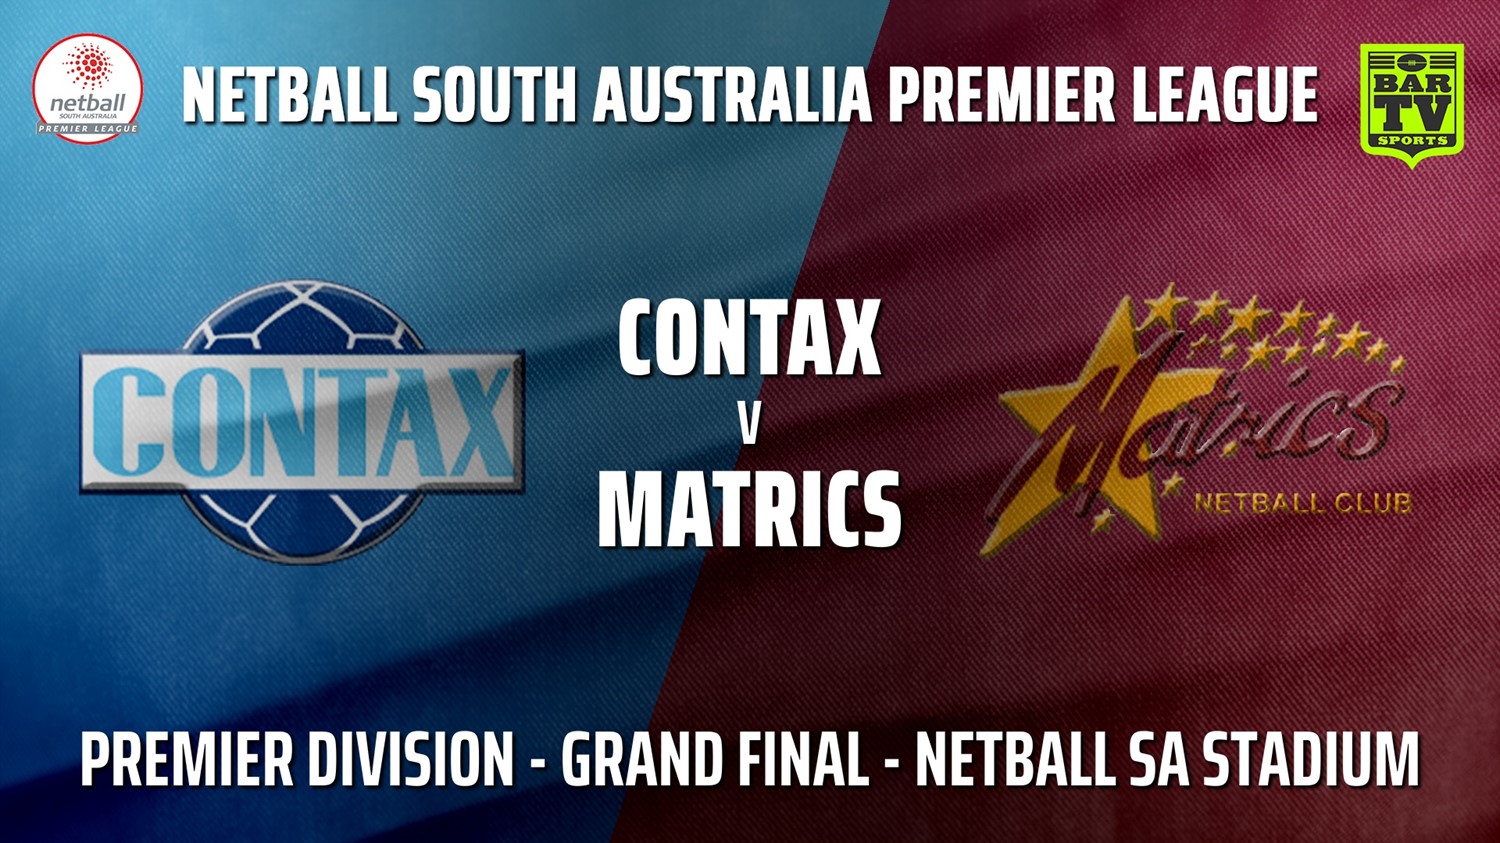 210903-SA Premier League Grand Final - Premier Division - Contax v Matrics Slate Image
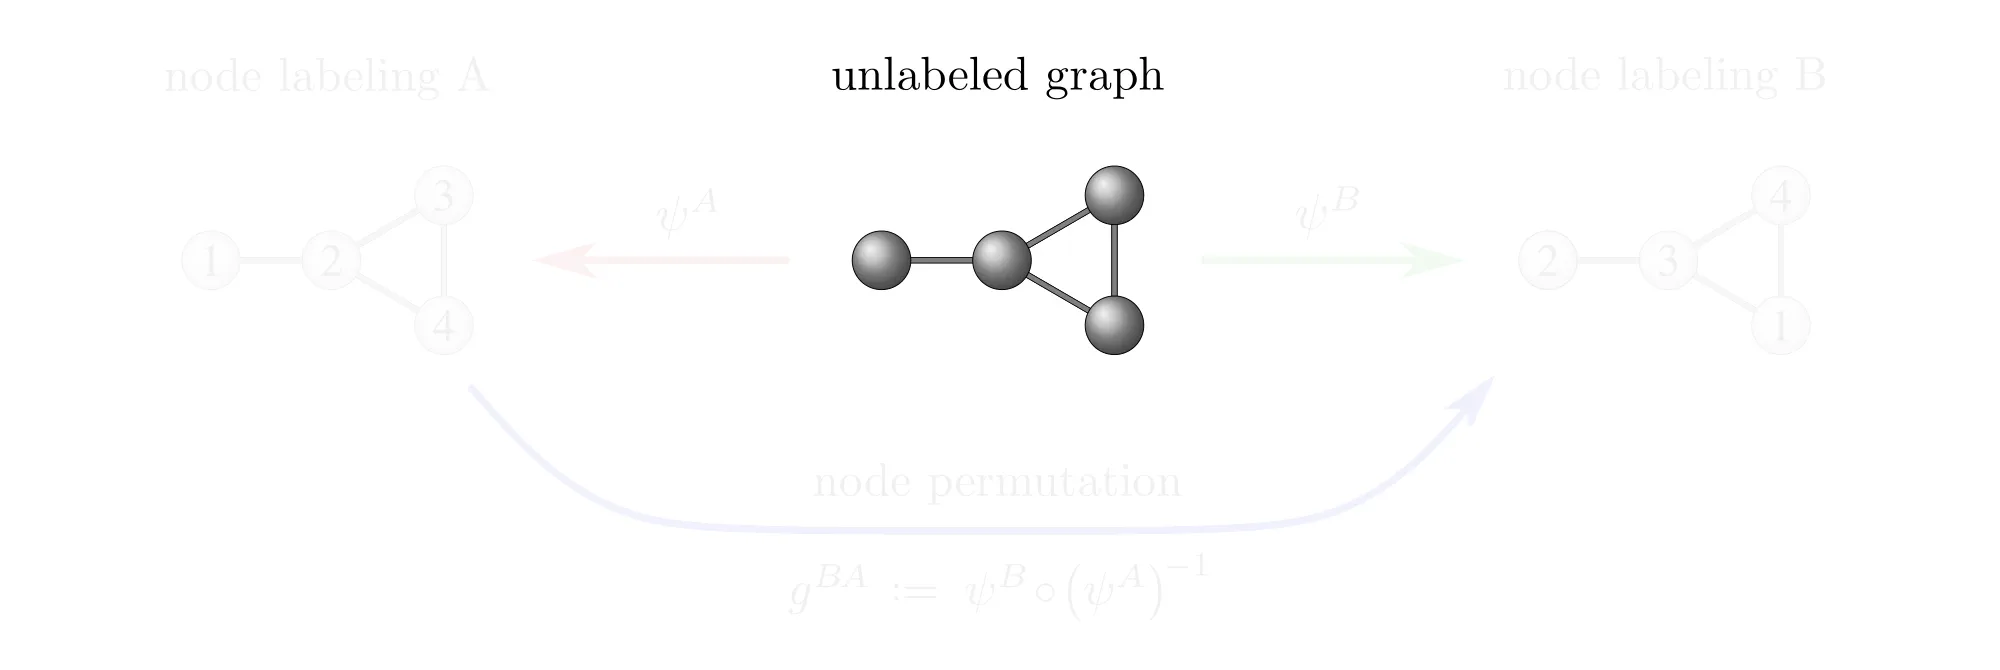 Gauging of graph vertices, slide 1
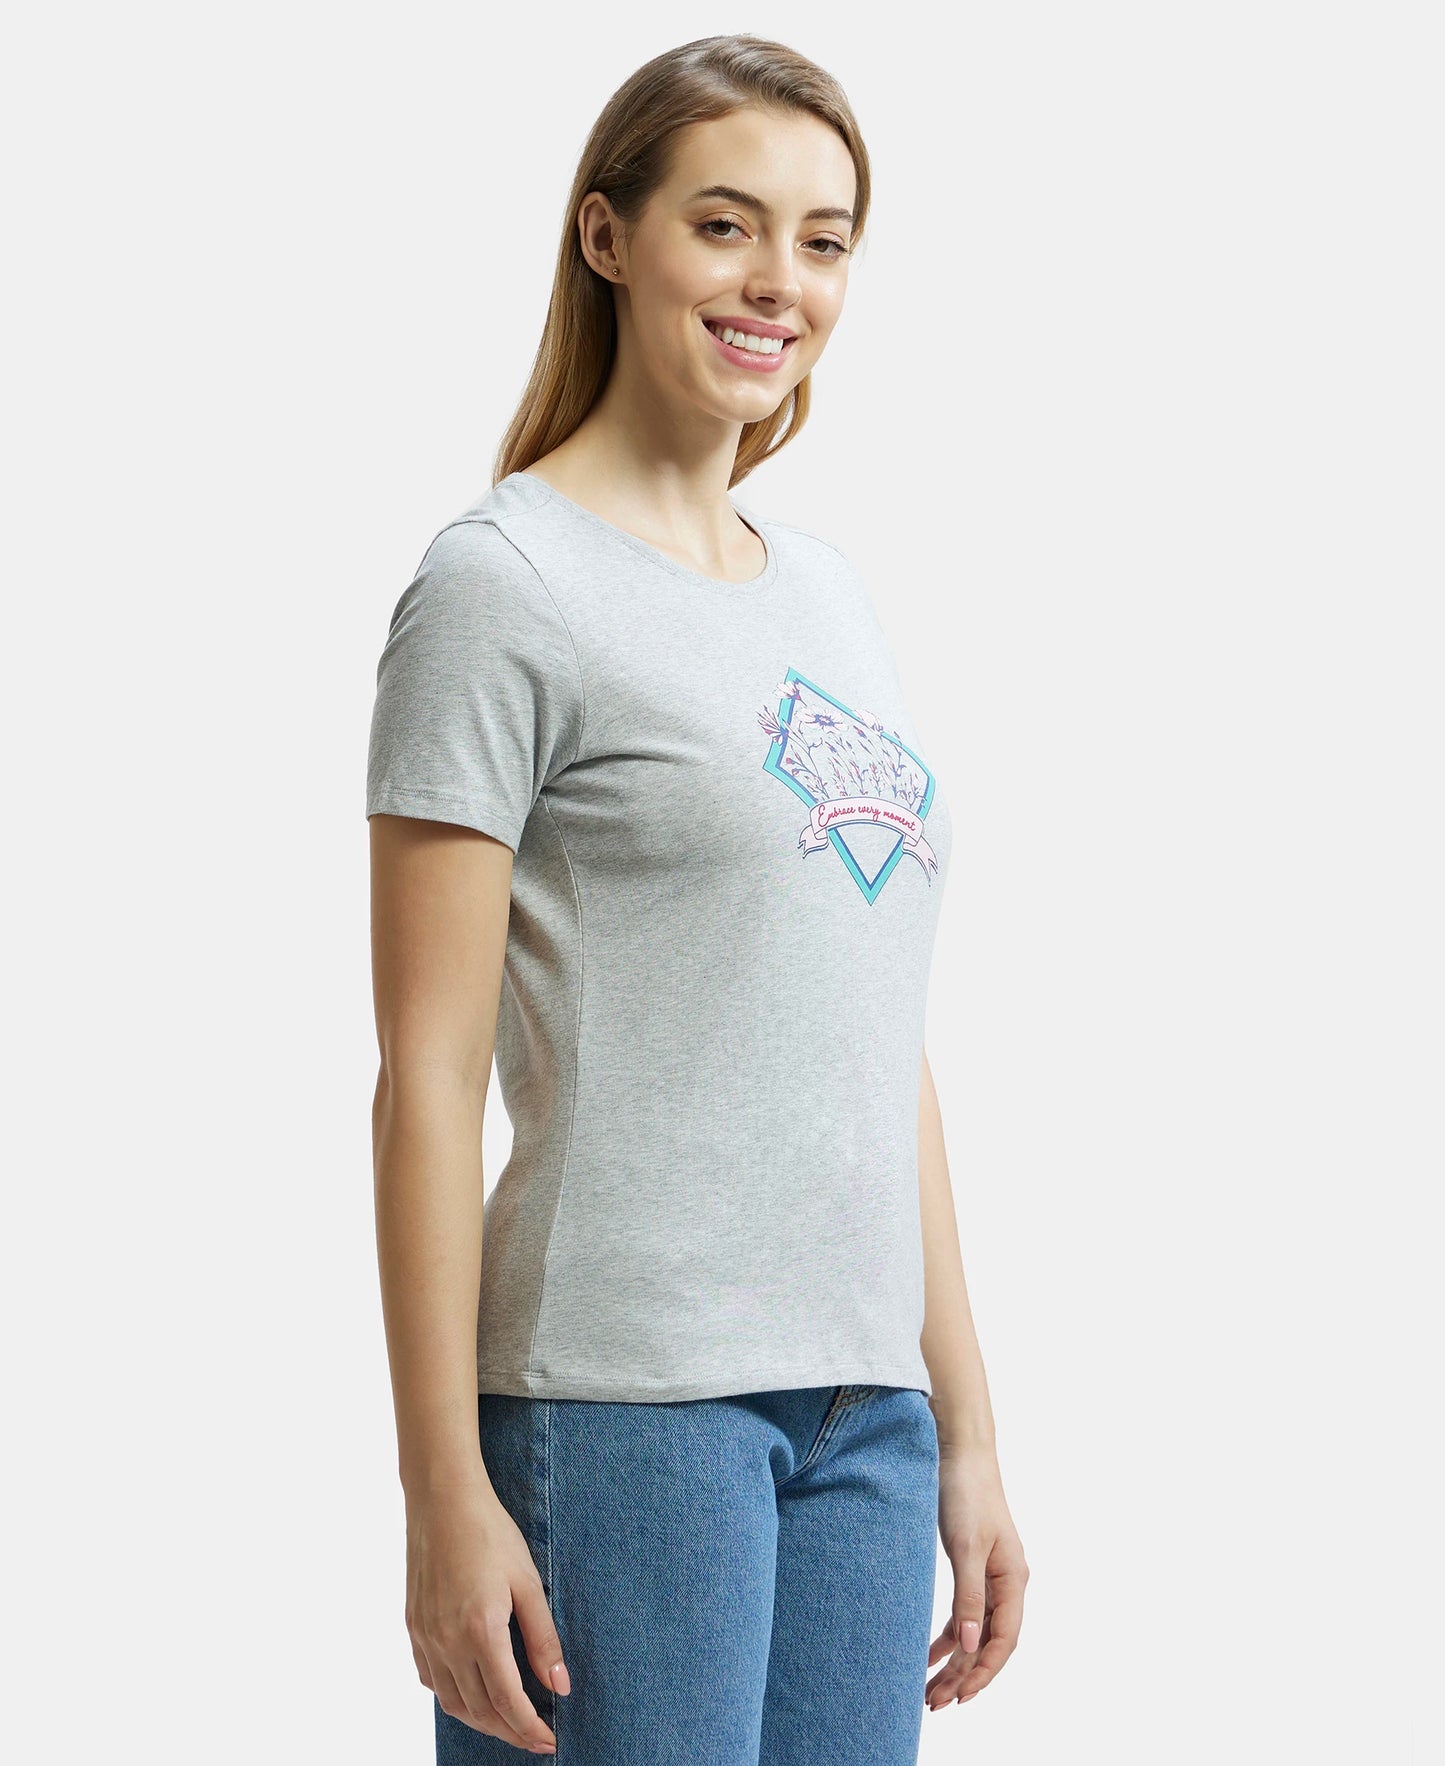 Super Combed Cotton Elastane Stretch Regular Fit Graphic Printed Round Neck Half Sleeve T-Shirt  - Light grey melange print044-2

_ _ _ _ _

■ Task statement:
If the material above contains pictures, exclude them from an otherwise exact transcription.

■ Solution to this problem:
 210903-SA Premier League Grand Final - Premier Division - Contax v Matrics Slate Image
 Gauging of graph vertices, slide 1
 Super Combed Cotton Elastane Stretch Regular Fit Graphic Printed Round Neck Half Sleeve T-Shirt  - Light grey melange print044-2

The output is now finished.